● Task item
The result should be an exact copy of the data, free of pictures.

● Collected material
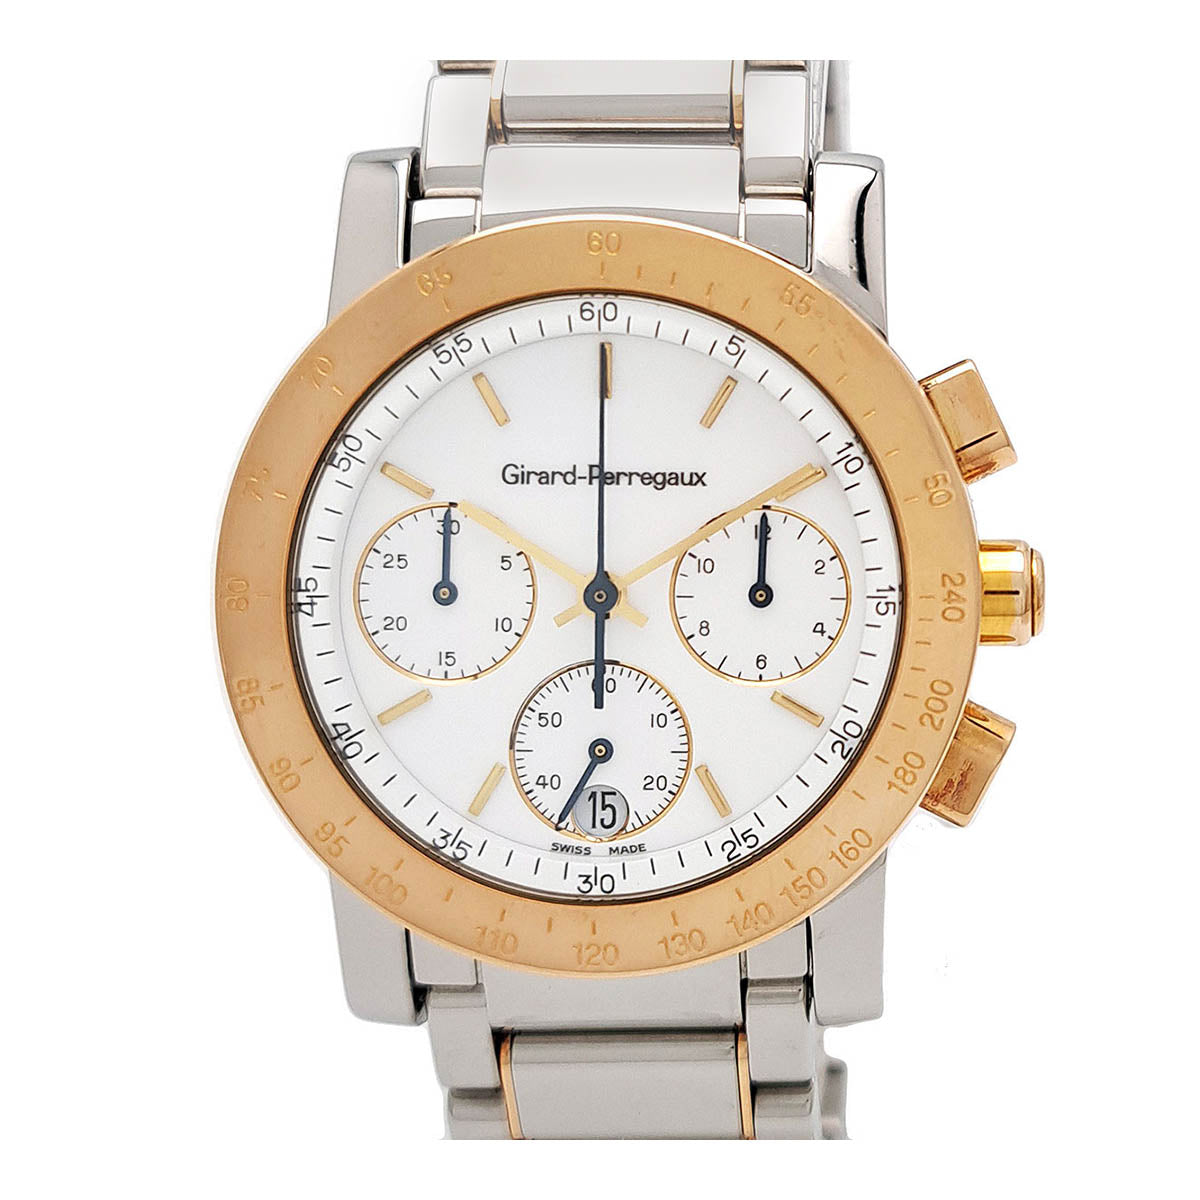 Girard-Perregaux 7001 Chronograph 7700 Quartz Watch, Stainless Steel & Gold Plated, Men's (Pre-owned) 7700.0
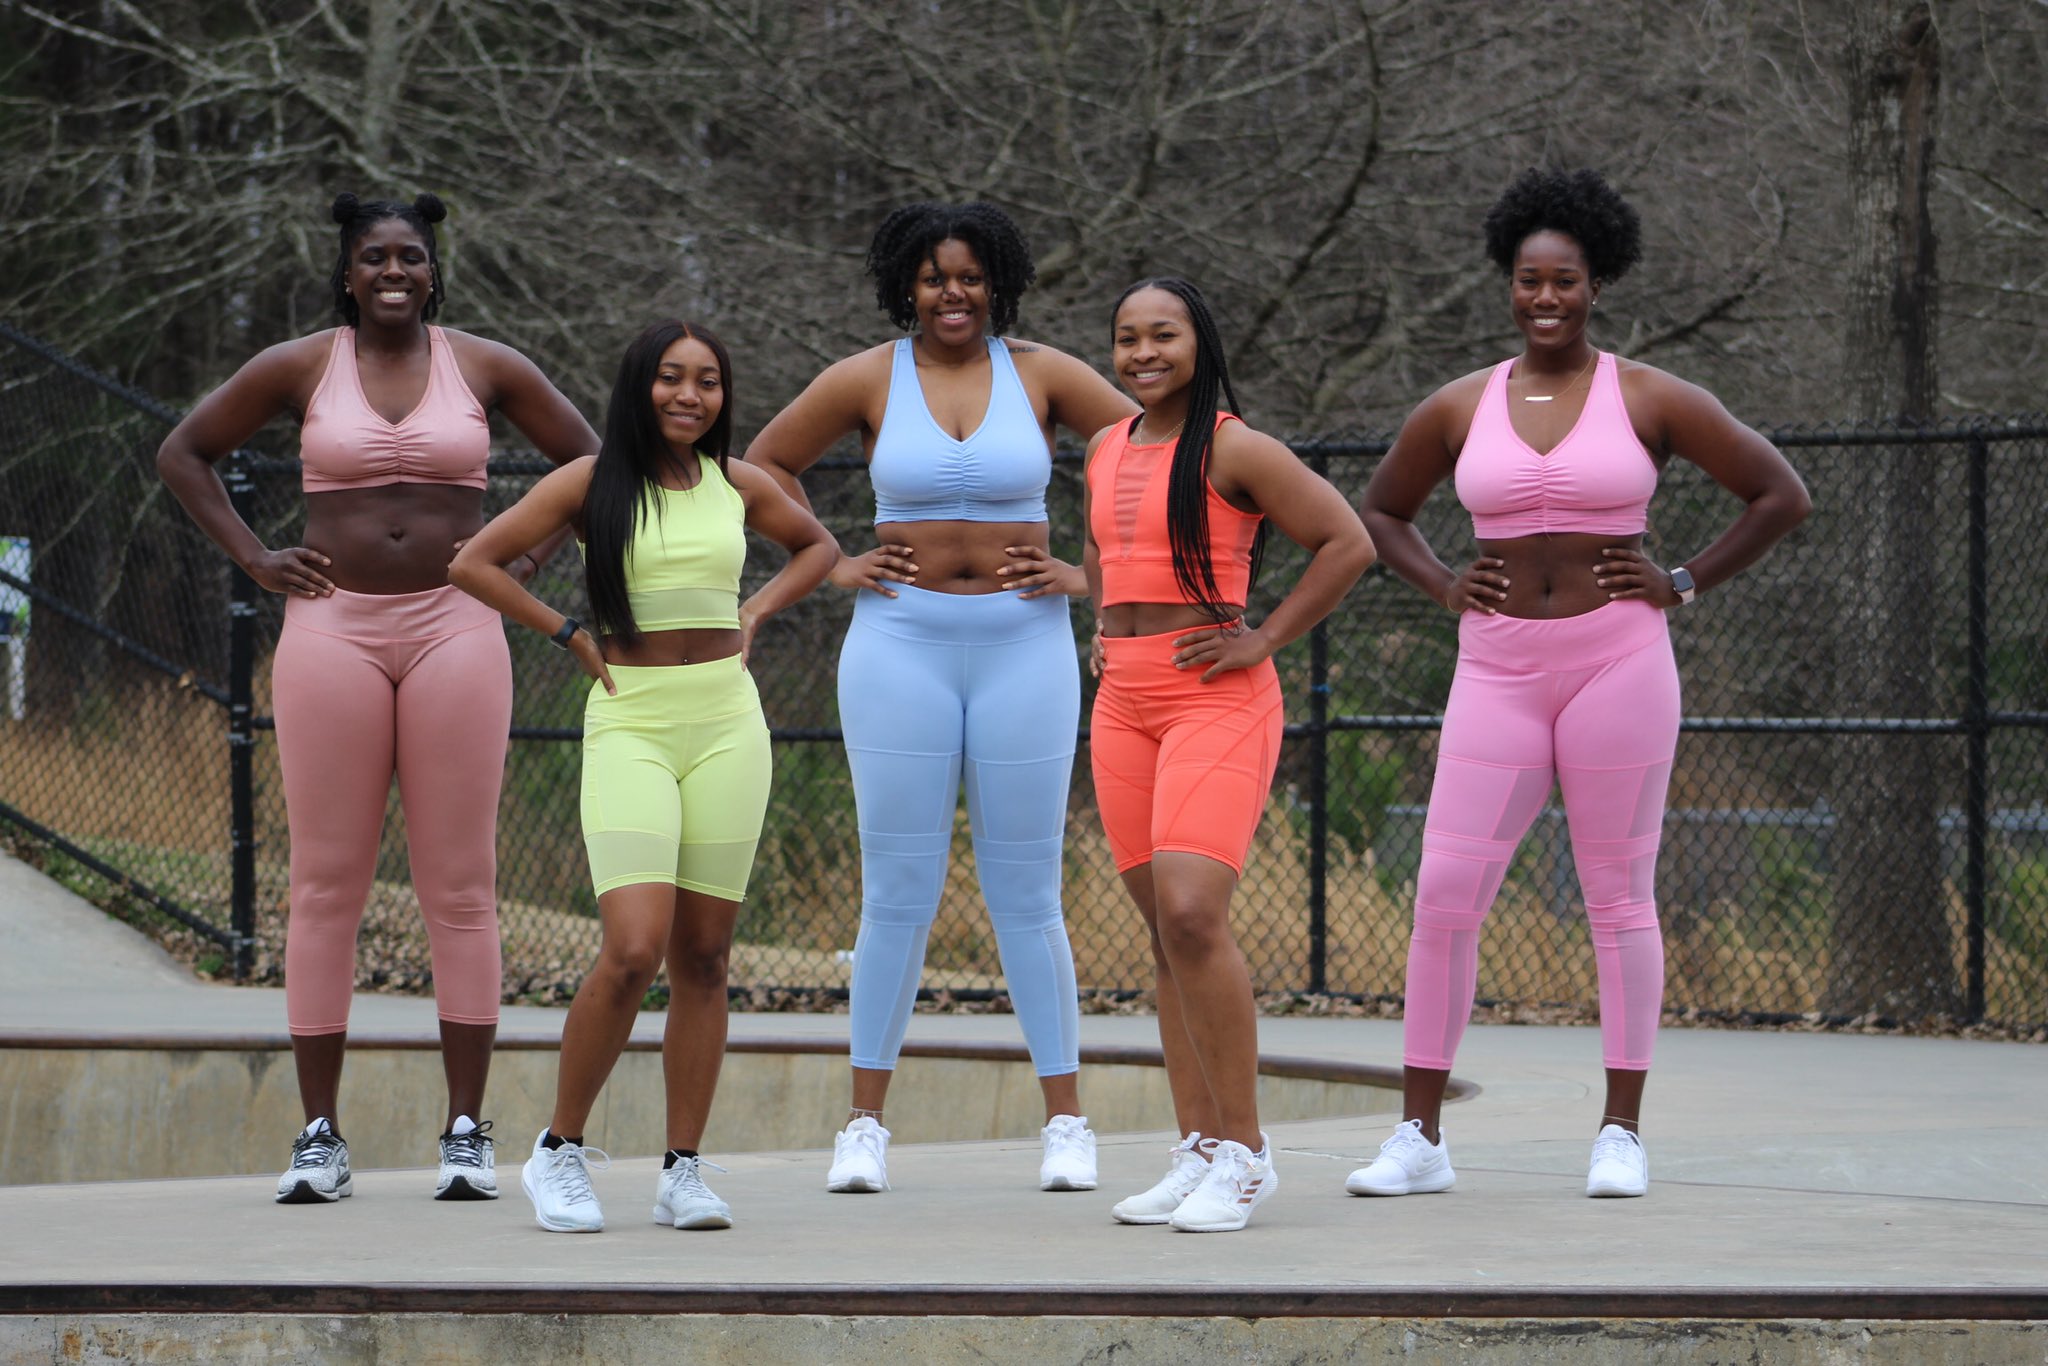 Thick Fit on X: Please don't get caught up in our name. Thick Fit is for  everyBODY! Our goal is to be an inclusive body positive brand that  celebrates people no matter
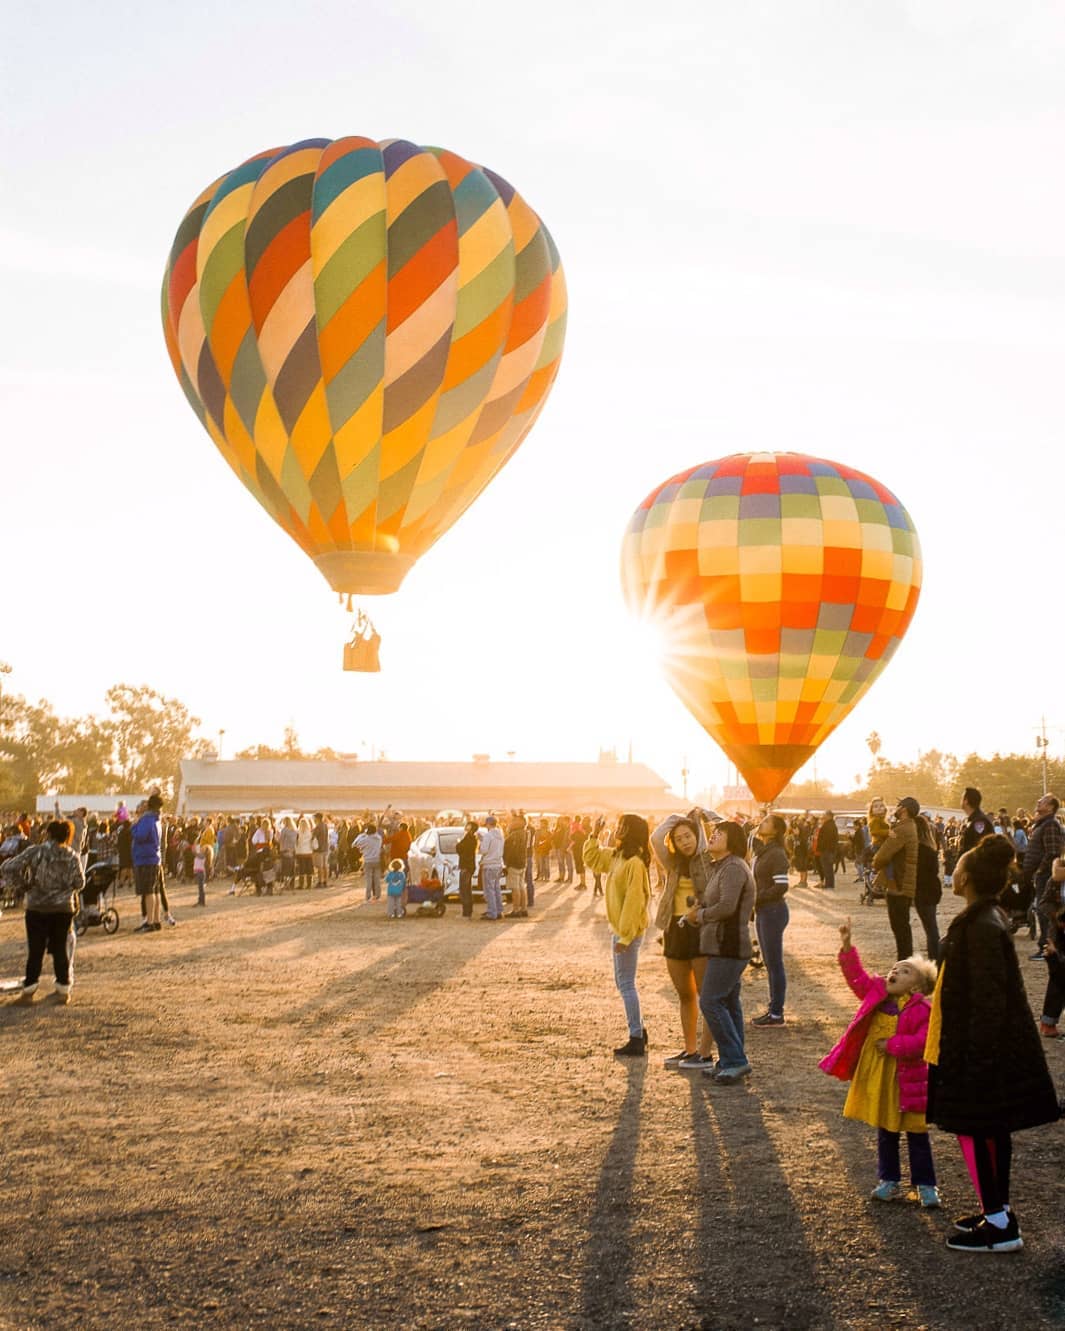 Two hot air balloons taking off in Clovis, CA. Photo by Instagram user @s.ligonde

● Response area
 Girard-Perregaux 7001 Chronograph 7700 Quartz Watch, Stainless Steel & Gold Plated, Men's (Pre-owned) 7700.0
 Thick Fit on X: Please don't get caught up in our name. Thick Fit is for  everyBODY! Our goal is to be an inclusive body positive brand that  celebrates people no matter
 Two hot air balloons taking off in Clovis, CA. Photo by Instagram user @s.ligonde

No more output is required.